The blankets are a mix of 35 colorful seven-inch squares, each one crocheted by a member. The squares are attached together, seven squares long and five squares wide, to form the blankets.
“There’s a need,” Maehr said. “There’s always a need, so we’re trying to fill that need.”
The club also enables other needs to be filled on a more personal level. Bunn recalled a pregnant woman from Pakistan came to the club and learned to crochet a blanket for the baby she was expecting.
“She came back to show the blanket and baby,” Bunn said.
Some club members like the group projects, others prefer to do their own thing. “But if you have a problem,” Maehr said, “we’ll help you with your project.”

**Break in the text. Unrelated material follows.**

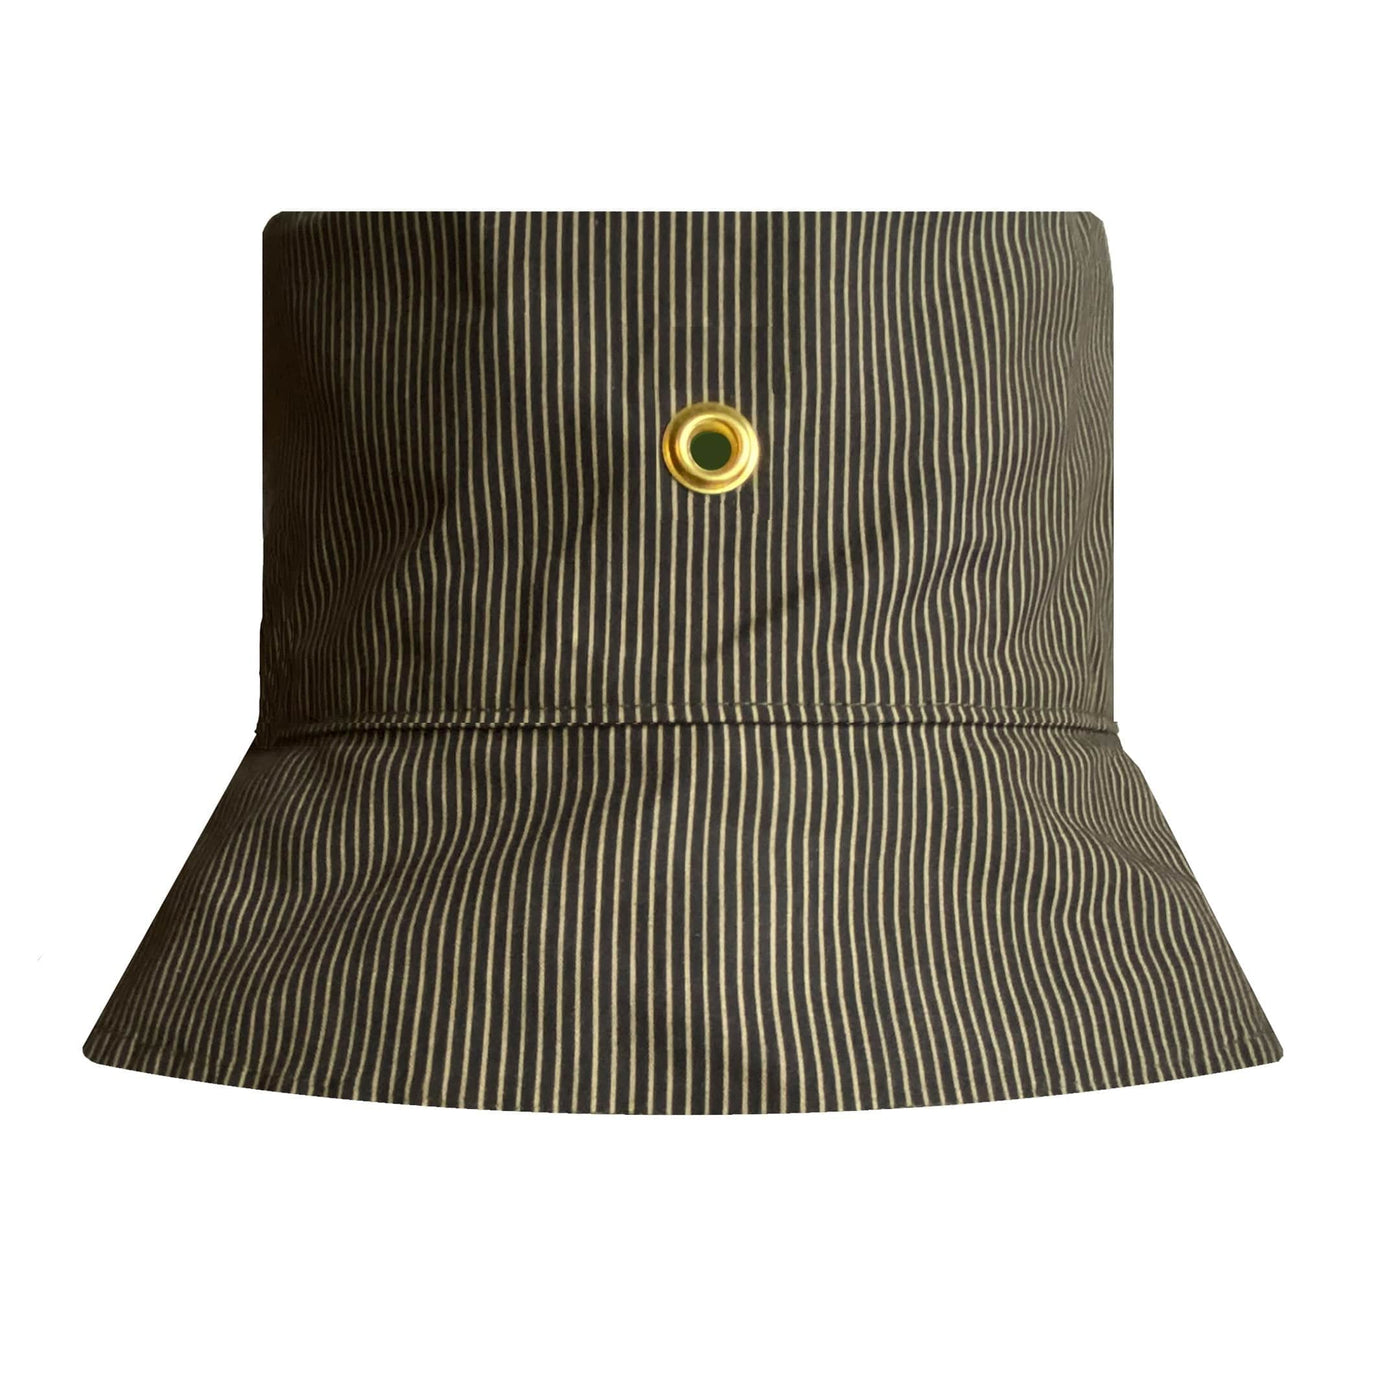 FELLER Hats Skinny Stripe / L Blaine Waxed Cotton Bucket Hat

Maehr taught her friend of 40 years, Carola Hart, how to crochet.
“It’s fun to sit and do this and actually finish it,” Hart said. “You’ve made something. It’s just a good feeling, especially if you’re doing it to give something away.”

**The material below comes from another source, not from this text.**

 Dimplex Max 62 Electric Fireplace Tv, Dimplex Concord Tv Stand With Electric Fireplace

Crocheting lowers blood pressure, Maehr said. “You can tell by your stitches,” she said. “If they’re real tight, you’re nervous. As you go along, you loosen up. It eases you.”
Maehr added with a laugh, “That’s why I crochet a lot.”
Hart agreed. “Whatever’s in your head goes away,” she said, “because you’re concentrating on what you’re making.”
Through donations, the club provides the yarn and the hooks; participants must bring their own fingers.
“For the library," Bunn said, "the club meets the goal of being a gathering place and an avenue for healthy, social interaction and community building. People discover new interests and continue to be amazed at the variety of programs offered at the library.”